-- RAW DATA --
----------------

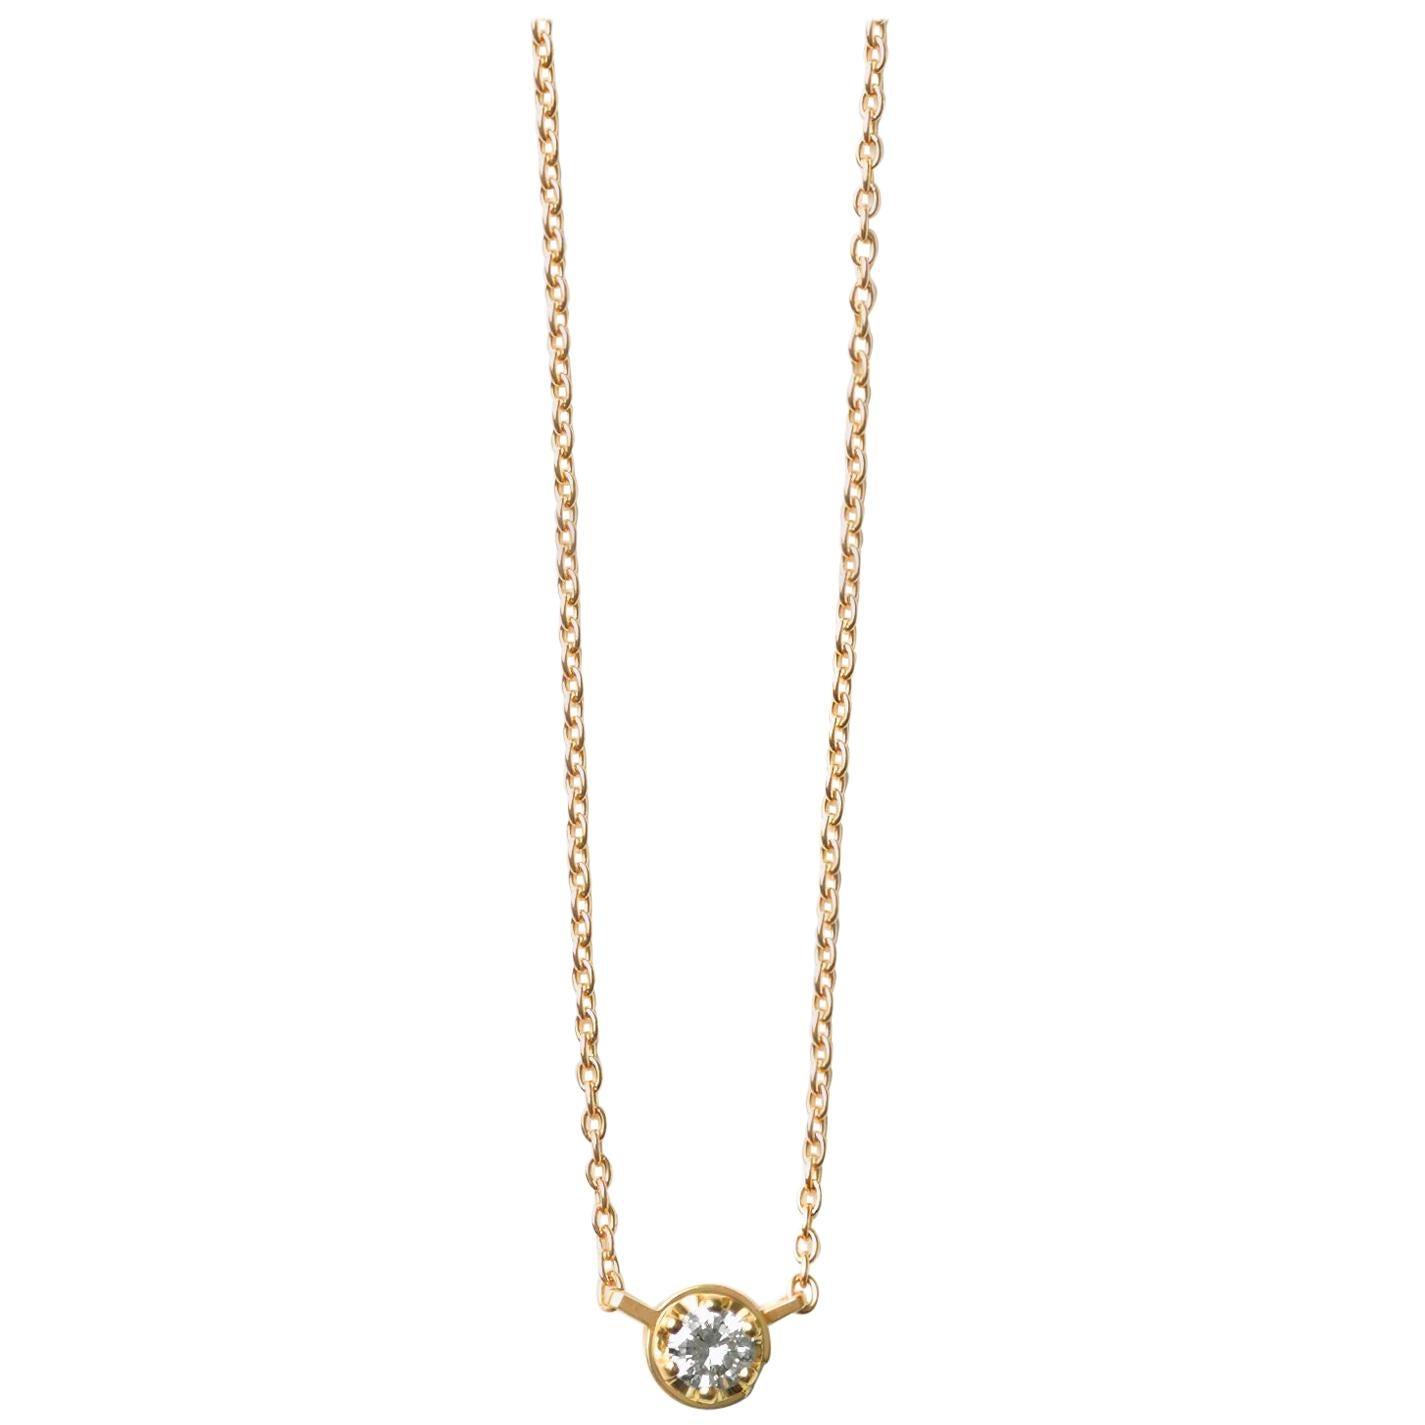 18 Karat Yellow Gold 0.2 Carat Diamond Necklace
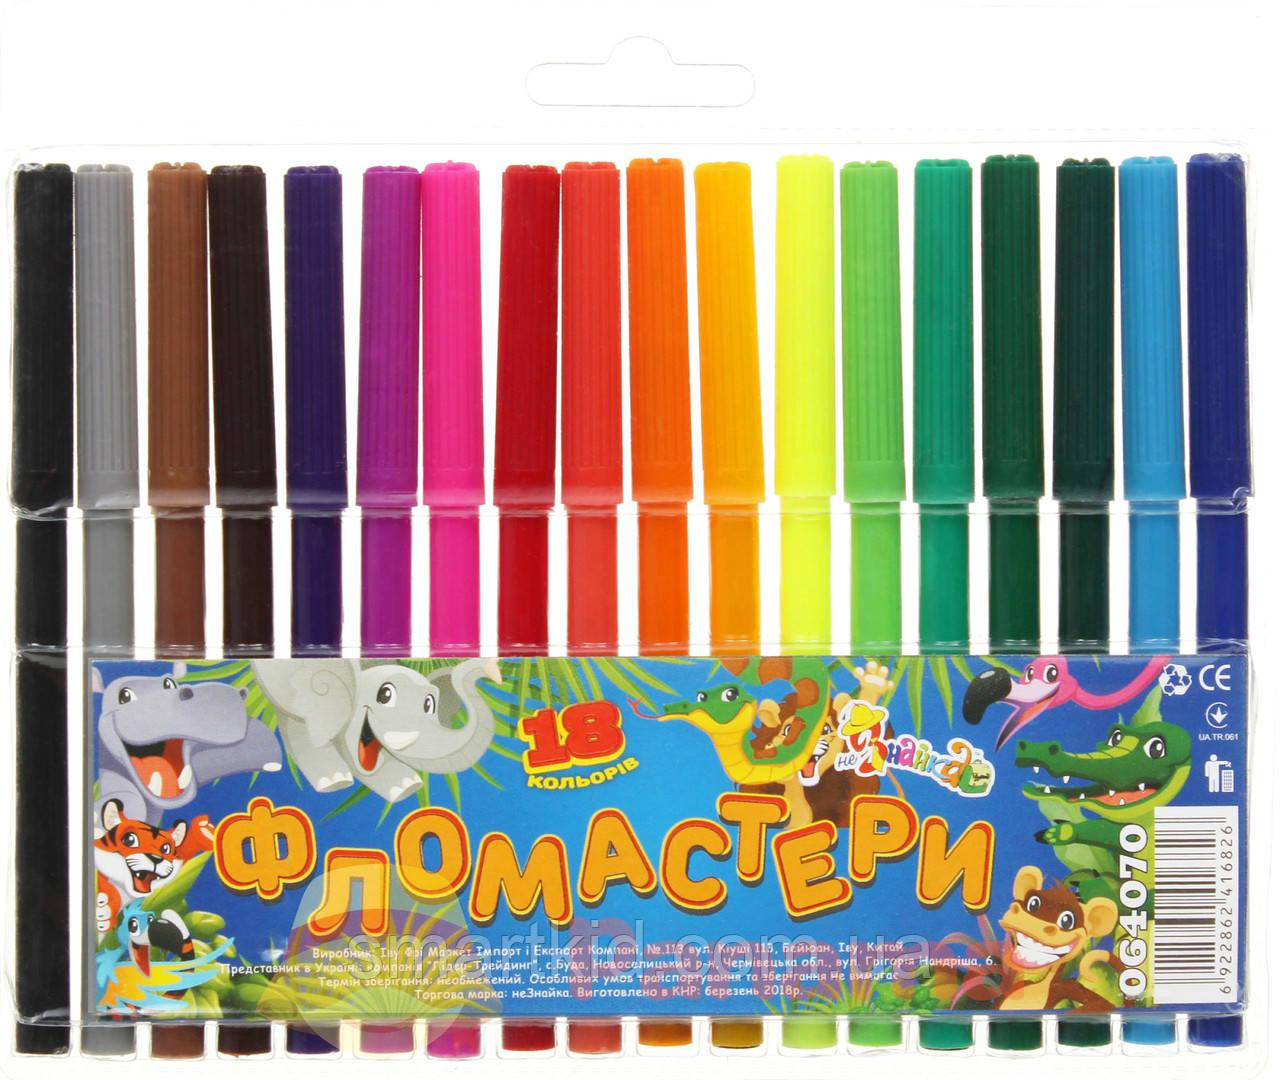 Фломастери 18 кольорів НеЗнайка
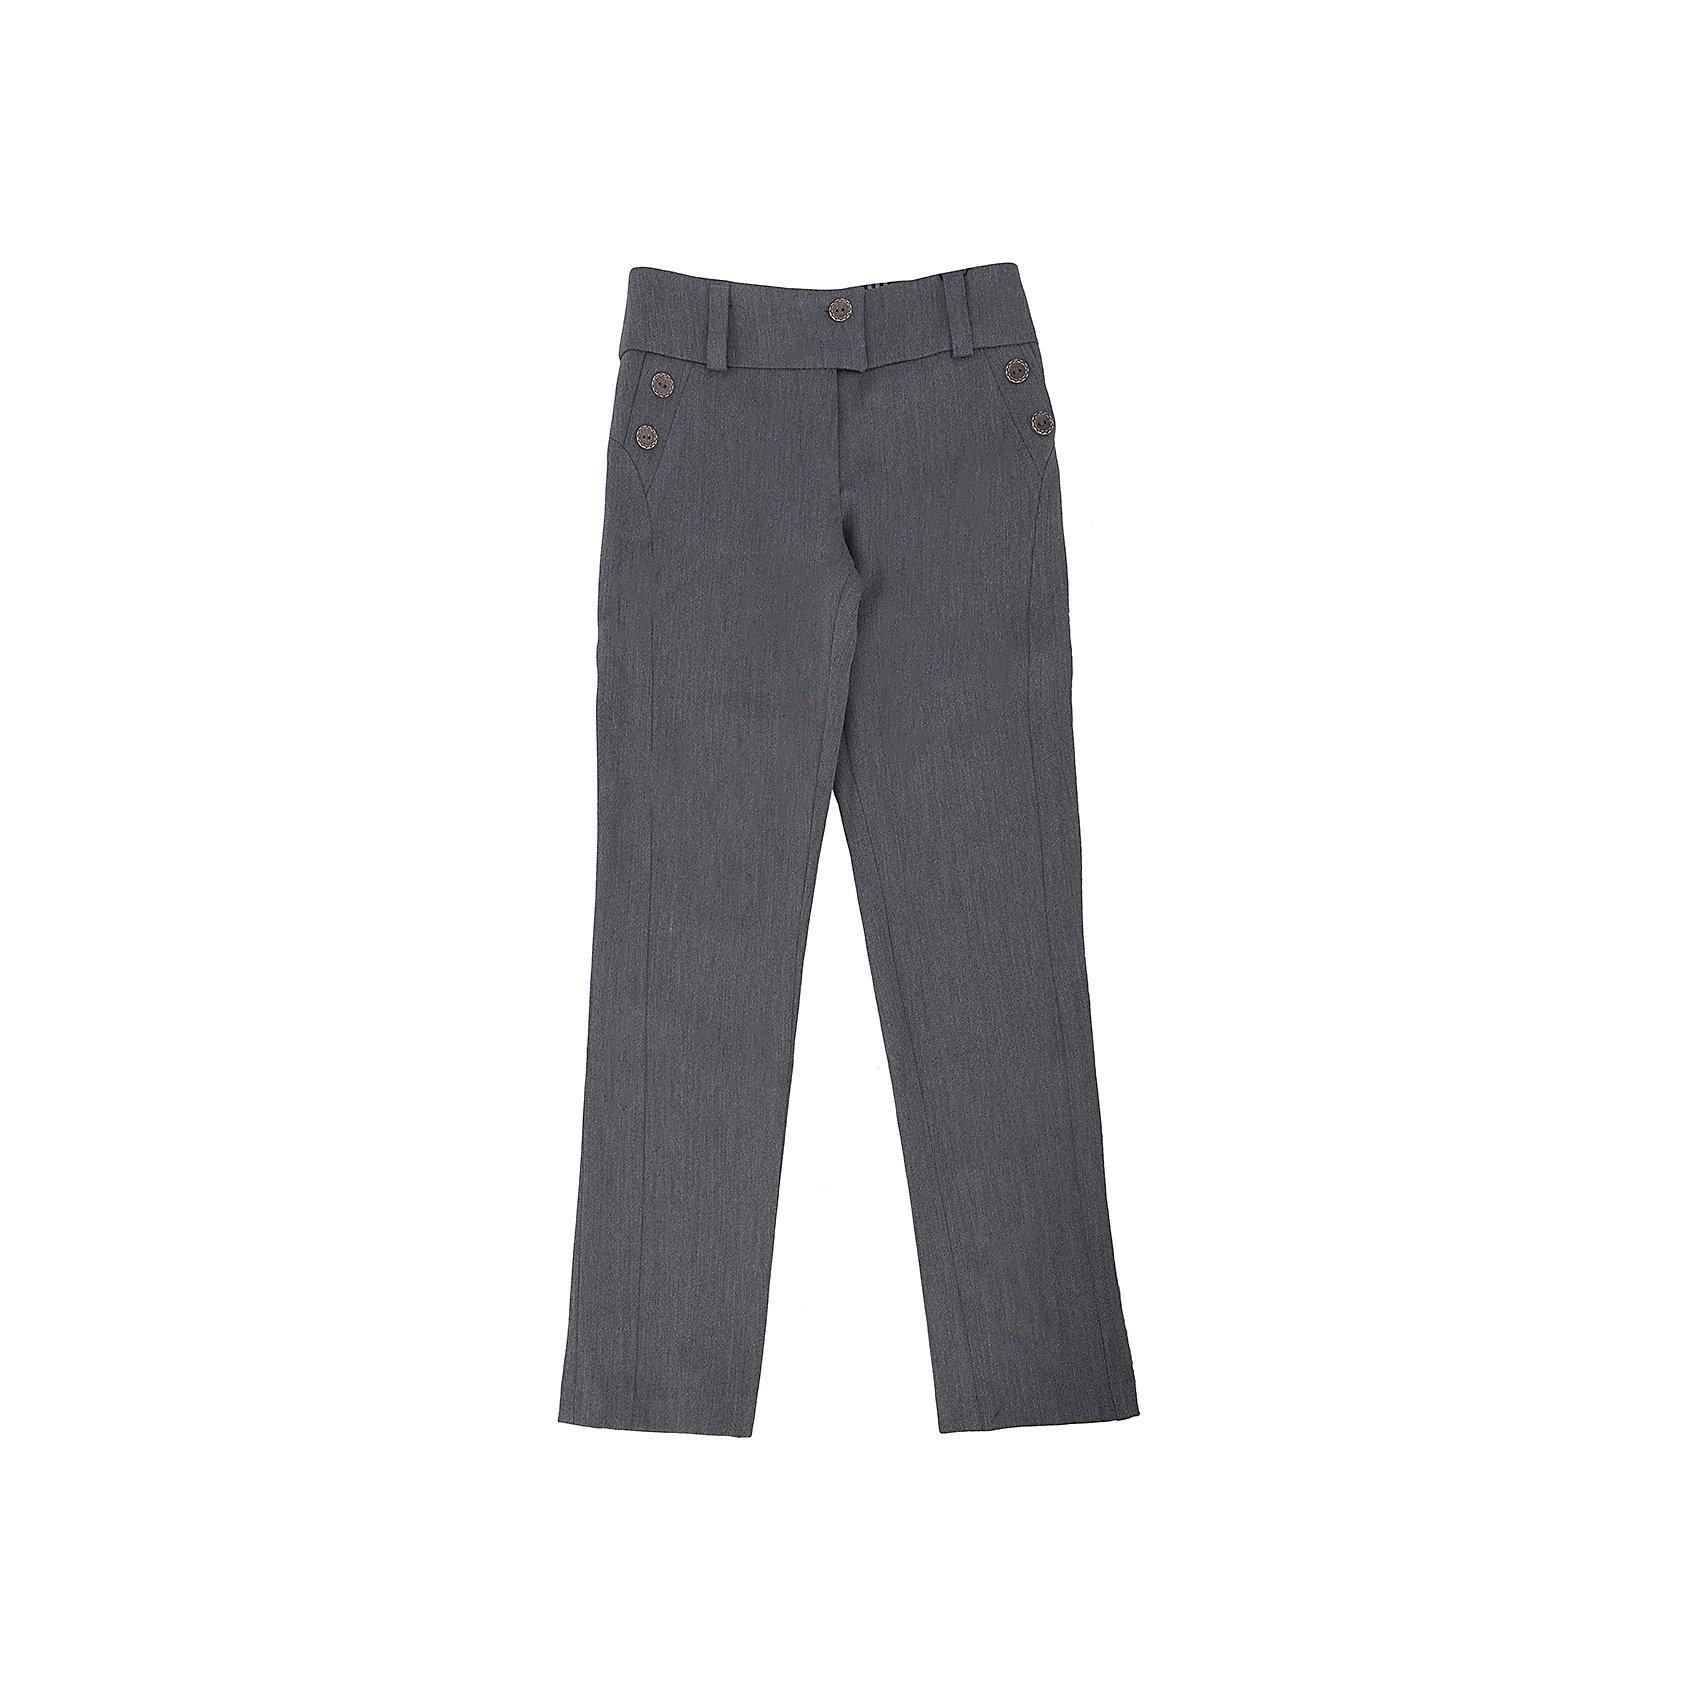 Брюки для девочки Диана SkylakeБрюки для девочки Диана от известного бренда Skylake<br>Зауженные брюки на широком поясе, выполнены из однотонной ткани .<br>Пояс брюк с застежкой на две пуговицы. Застежка - гульфик на  молнии. <br>Шлевки пояса выполнены из ткани-компаньона в клетку. <br>На задних и передних половинках брюк  имеются вертикальные  рельефные швы.<br>Бочки передних половинок брюк выполнены из ткани в клетку и оформлены<br>декоративным элементом с пуговицами. <br>Состав:<br>Ткань верха:60%п/э 35%виск 5%лайкра (ПУ)<br><br>Ширина мм: 215<br>Глубина мм: 88<br>Высота мм: 191<br>Вес г: 336<br>Цвет: серый<br>Возраст от месяцев: 84<br>Возраст до месяцев: 96<br>Пол: Женский<br>Возраст: Детский<br>Размер: 128,128,134,146,152,158,140<br>SKU: 4709851

----------------

Please repeat all of the data exactly, excluding images.

-- EXERCISE SOLUTION --
 18 Karat Yellow Gold 0.2 Carat Diamond Necklace
 Фломастери 18 кольорів НеЗнайка
 Брюки для девочки Диана SkylakeБрюки для девочки Диана от известного бренда Skylake<br>Зауженные брюки на широком поясе, выполнены из однотонной ткани .<br>Пояс брюк с застежкой на две пуговицы. Застежка - гульфик на  молнии. <br>Шлевки пояса выполнены из ткани-компаньона в клетку. <br>На задних и передних половинках брюк  имеются вертикальные  рельефные швы.<br>Бочки передних половинок брюк выполнены из ткани в клетку и оформлены<br>декоративным элементом с пуговицами. <br>Состав:<br>Ткань верха:60%п/э 35%виск 5%лайкра (ПУ)<br><br>Ширина мм: 215<br>Глубина мм: 88<br>Высота мм: 191<br>Вес г: 336<br>Цвет: серый<br>Возраст от месяцев: 84<br>Возраст до месяцев: 96<br>Пол: Женский<br>Возраст: Детский<br>Размер: 128,128,134,146,152,158,140<br>SKU: 4709851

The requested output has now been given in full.